Seitens der Gastgeber appellierte Dion van den Berg, der bei PAX für das Europaprogramm zuständig ist, an die Europäische Union, die Friedensziele wie zum Beispiel „Versöhnung“ zu operationalisieren. Wenn die EU glaubwürdig sein wolle, müsse sie sowohl nach innen als auch nach außen für europäische Werte wie Frieden und Demokratie einstehen.

Oliver Knabe vom forumZFD schlussfolgerte: „Es reicht nicht, wenn die Europäische Union die Regierungen im Westlichen Balkan auffordert, ‚ihre Hausaufgaben zu machen‘. Die EU muss die gesellschaftlichen Bedingungen für eine verantwortungsvolle Führung in Richtung Frieden verstehen und beeinflussen.
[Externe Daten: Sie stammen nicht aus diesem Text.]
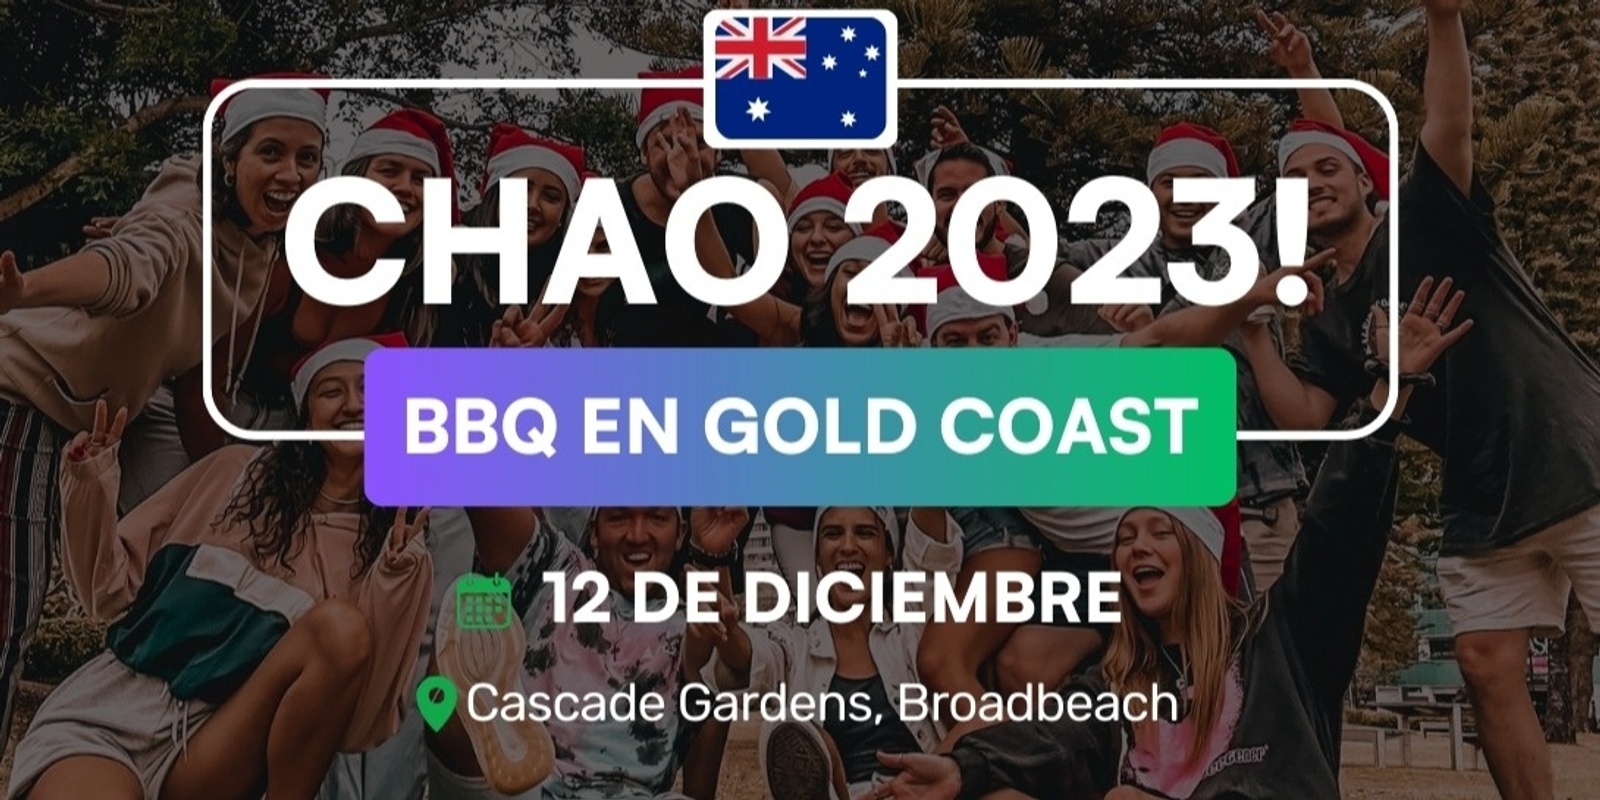 Banner image for Chao 2023!

Dafür braucht es einen Dialog mit der Zivilgesellschaft – und hier kommt der Zivile Friedensdienst ins Spiel.“

„Rettet das Friedensprojekt Europa“

Pax Niederlande und forumZFD aus Deutschland kooperieren beide mit einem breiten Spektrum an zivilgesellschaftlichen Organisationen sowohl im Westlichen Balkan als auch in der Ukraine – und haben die Entwicklung der Europäischen Union als Friedensprojekt kritisch begleitet. Gemeinsam mit weiteren Organisationen haben sie 2019 anlässlich der Europawahl einen Aufruf an das neugewählte Parlament gerichtet und dafür mehr als 23.000 Unterschriften gesammelt. In dem Aufruf forderten sie die Parlamentarier auf, das europäische Friedensprojekt zu retten und bedingungslos für Frieden und Menschenrechte einzutreten.